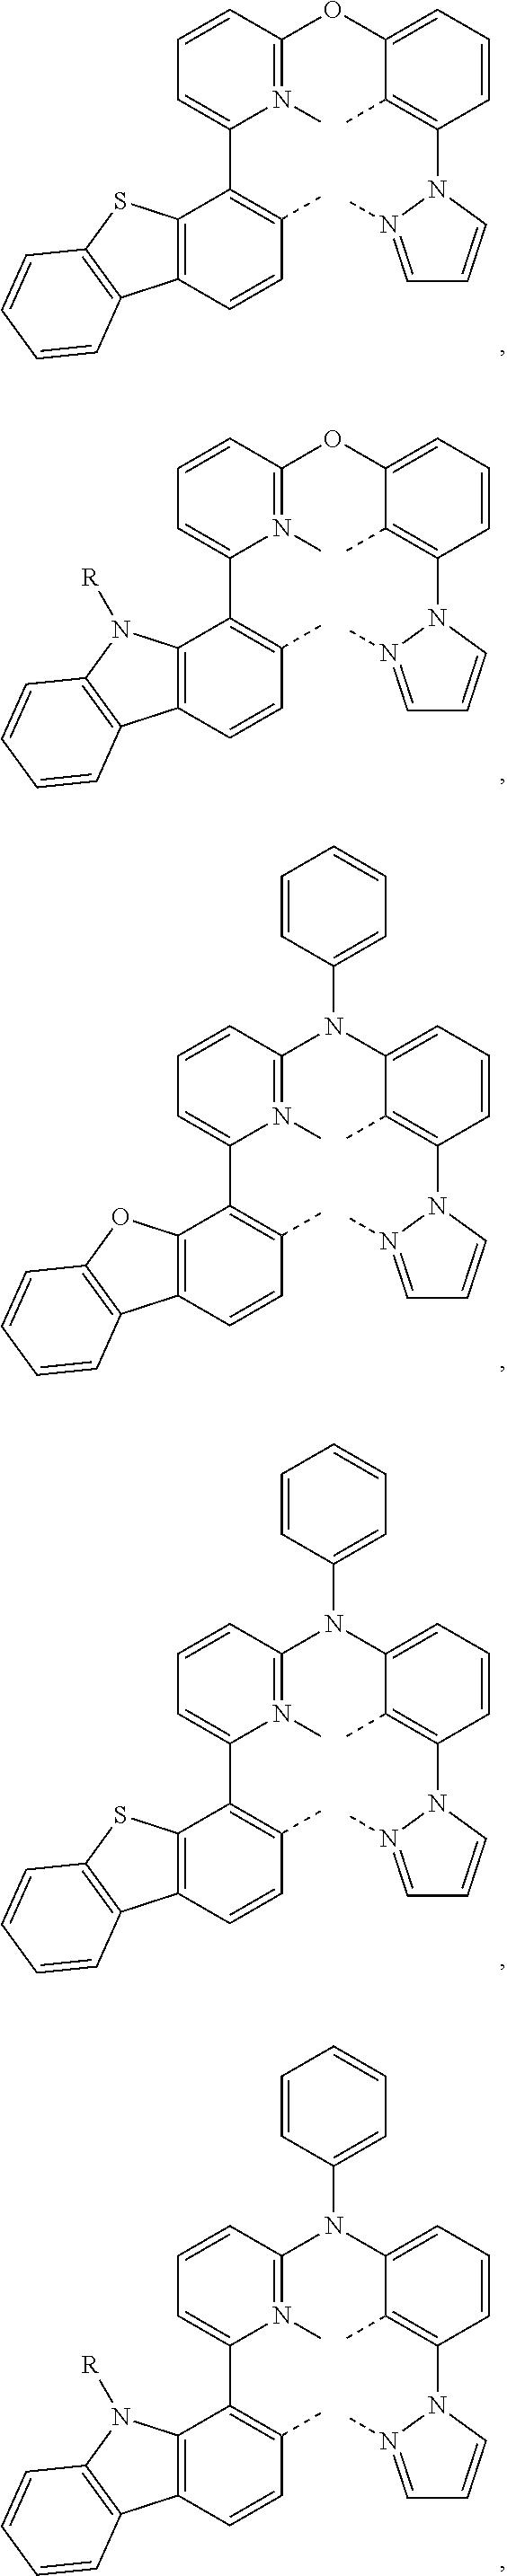 Figure US10056565-20180821-C00023
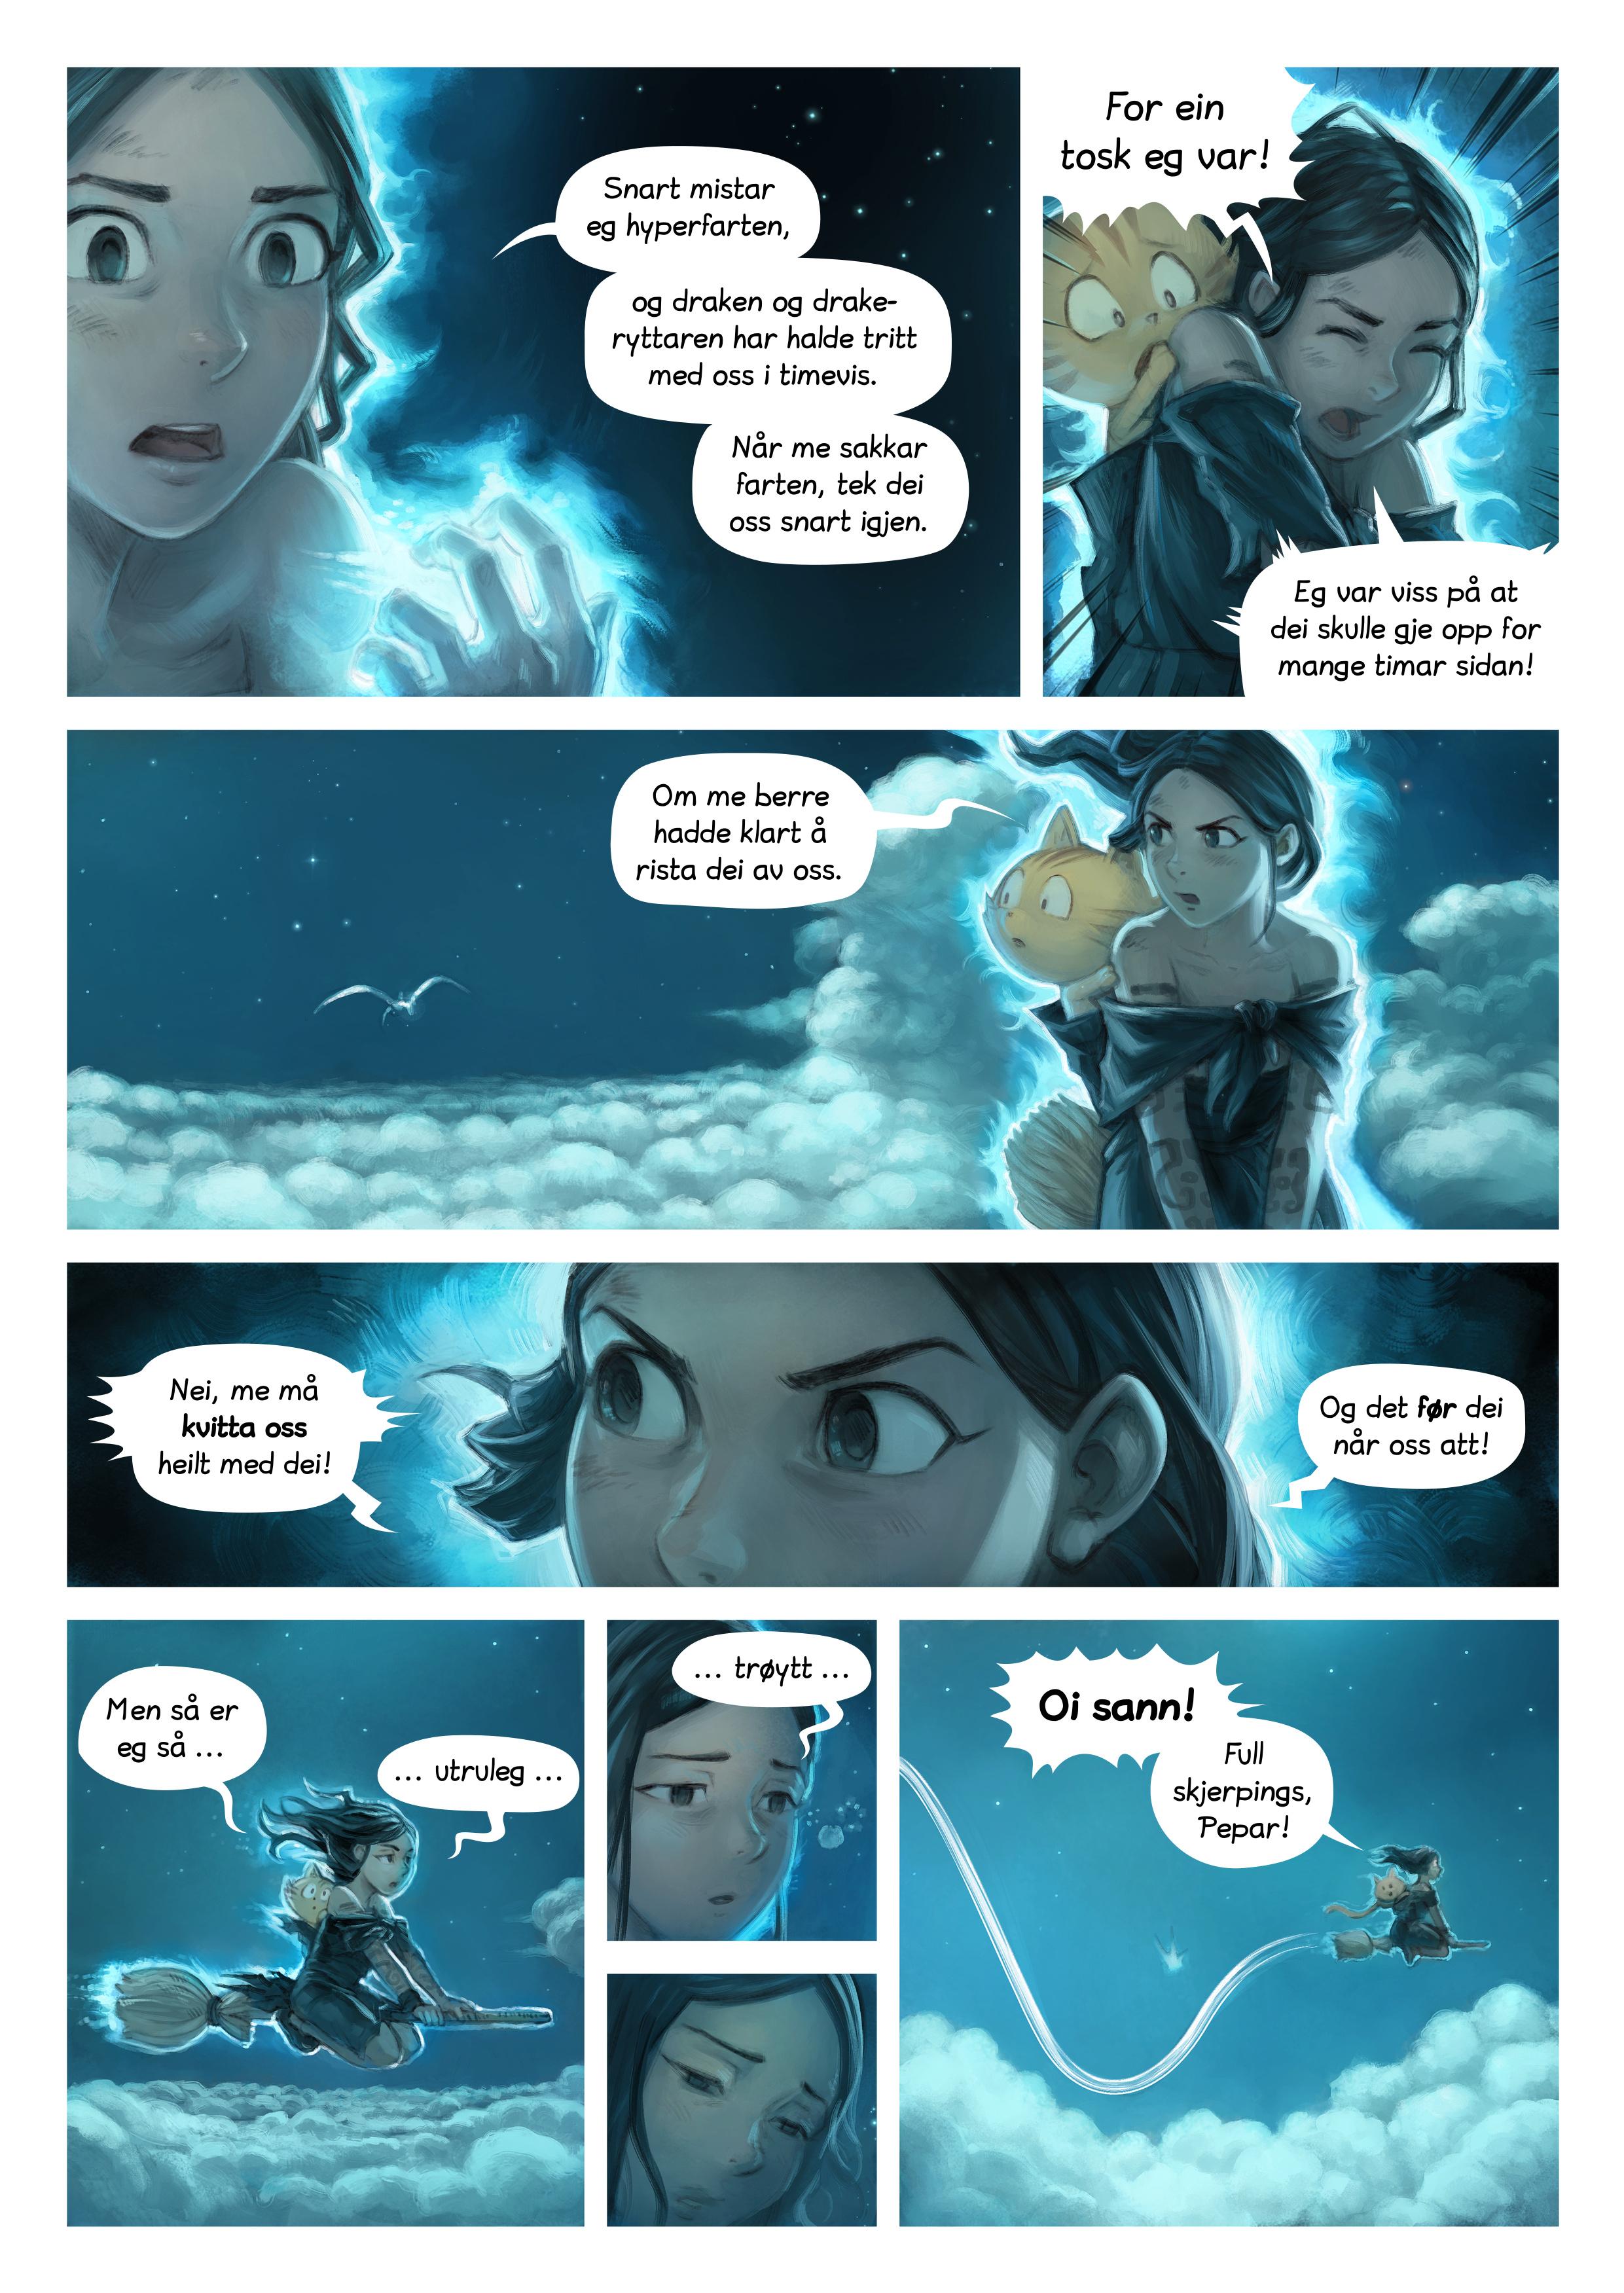 Episode 35: Refleksjonen, Side 2
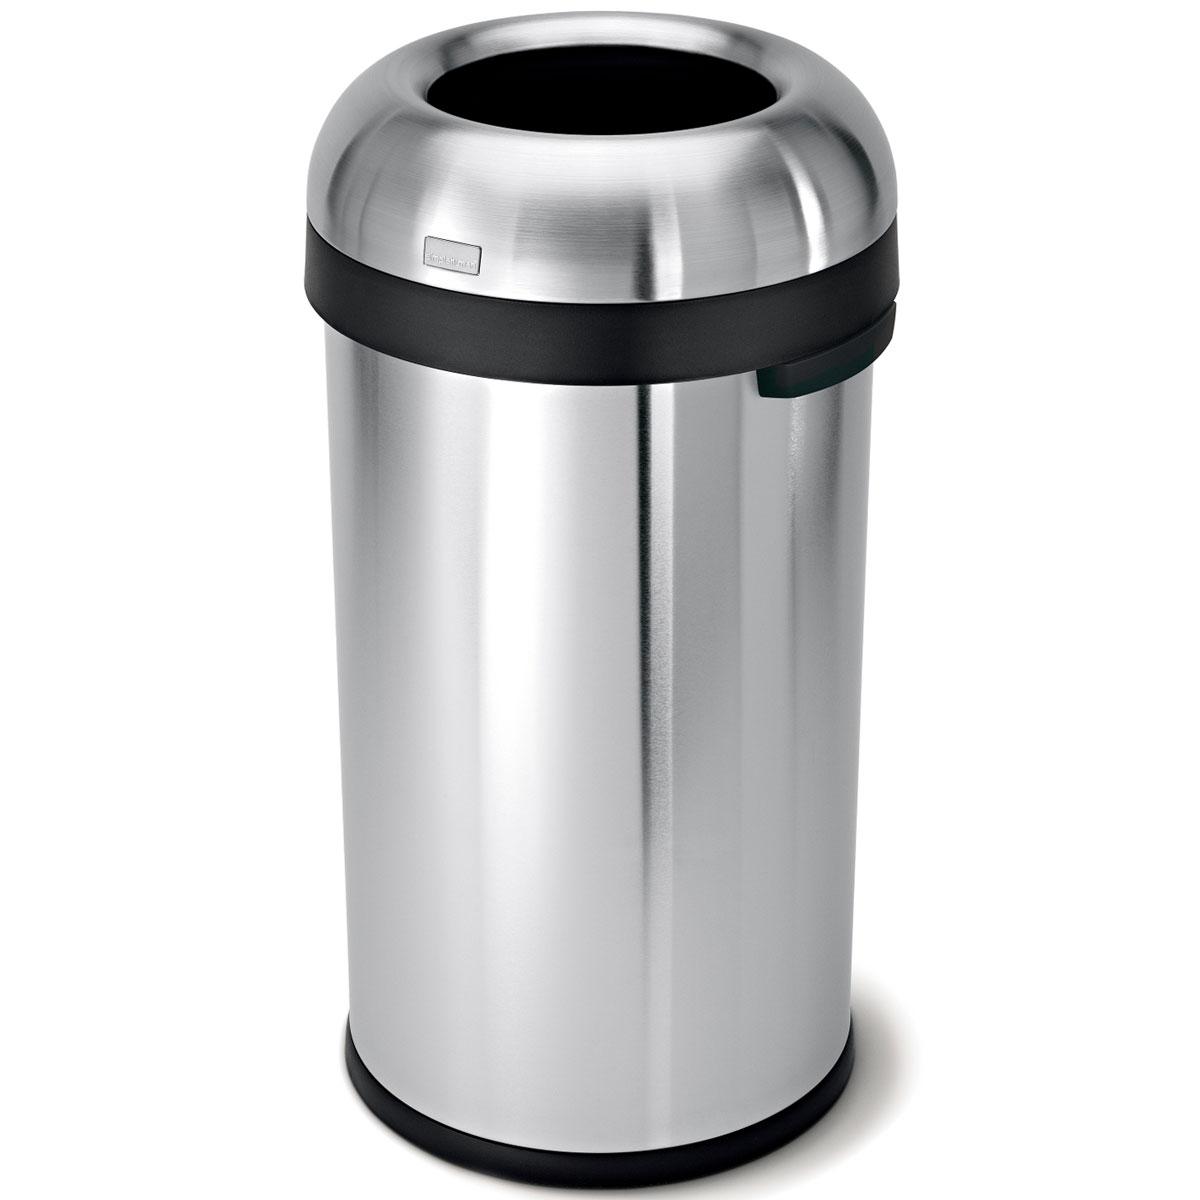 simplehuman ゴミ箱 オープンカン 60L ダストボックス ごみ箱 業務用ゴミ箱 商業施設 カフェやレストランなどにおしゃれ! シンプルヒューマン 正規品 1年間メーカー保証付き ゴミ箱 CW1407 ブレットオープンカン 60リットル
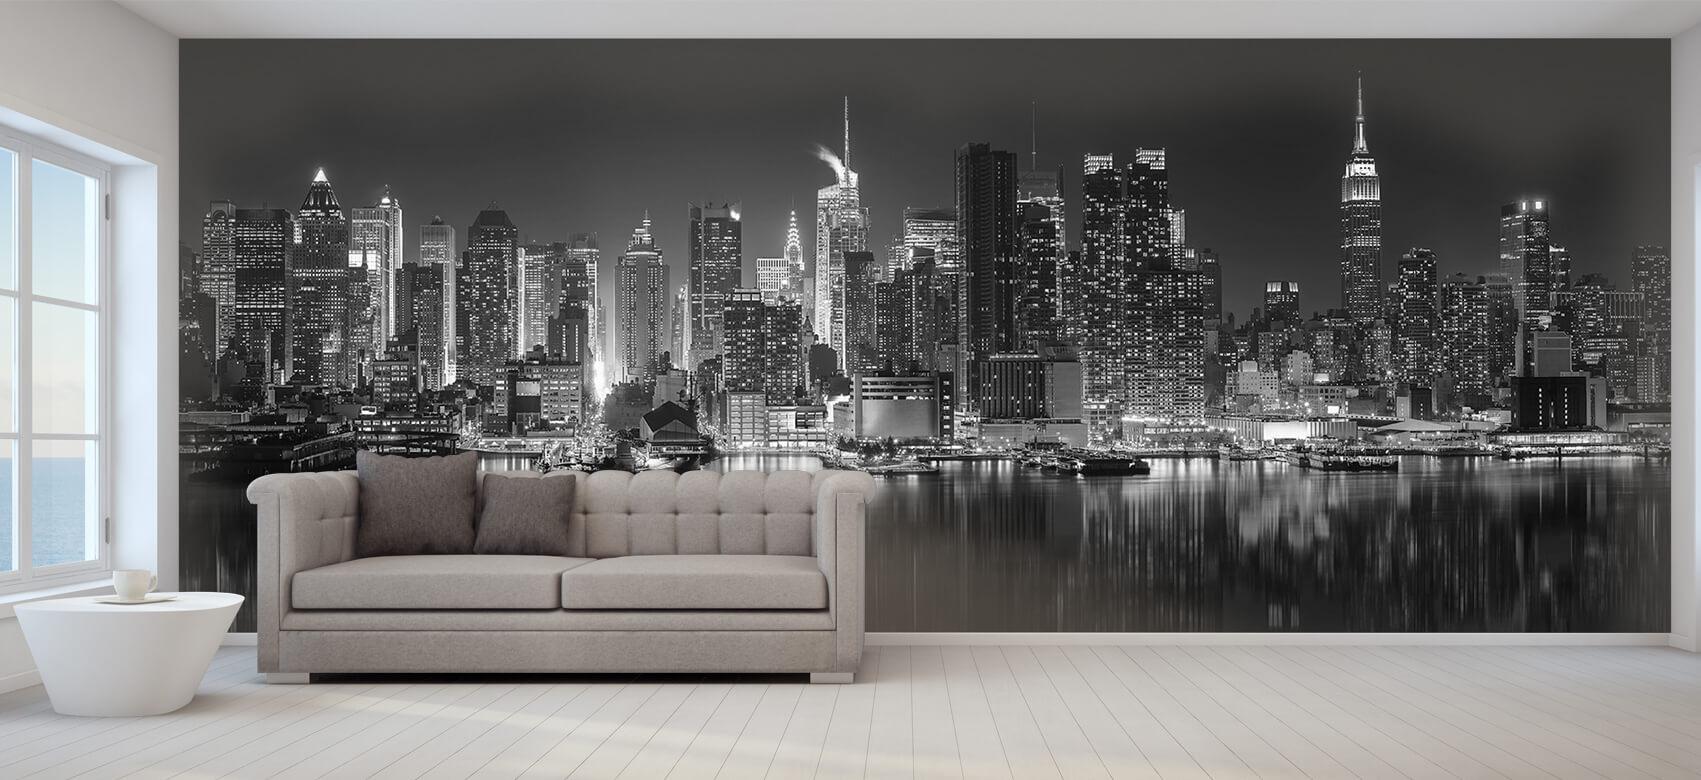 World & Cities Photo wallpaper New York skyline at night 9

..............................

◆ **REQUIREMENT**
Output all the data, exactly, without images.

◆ **RESPONSE FOR THIS EXERCISE**
 Figure US10056565-20180821-C00023
 Episode 35: Refleksjonen, Side 2
 simplehuman ゴミ箱 オープンカン 60L ダストボックス ごみ箱 業務用ゴミ箱 商業施設 カフェやレストランなどにおしゃれ! シンプルヒューマン 正規品 1年間メーカー保証付き ゴミ箱 CW1407 ブレットオープンカン 60リットル
 World & Cities Photo wallpaper New York skyline at night 9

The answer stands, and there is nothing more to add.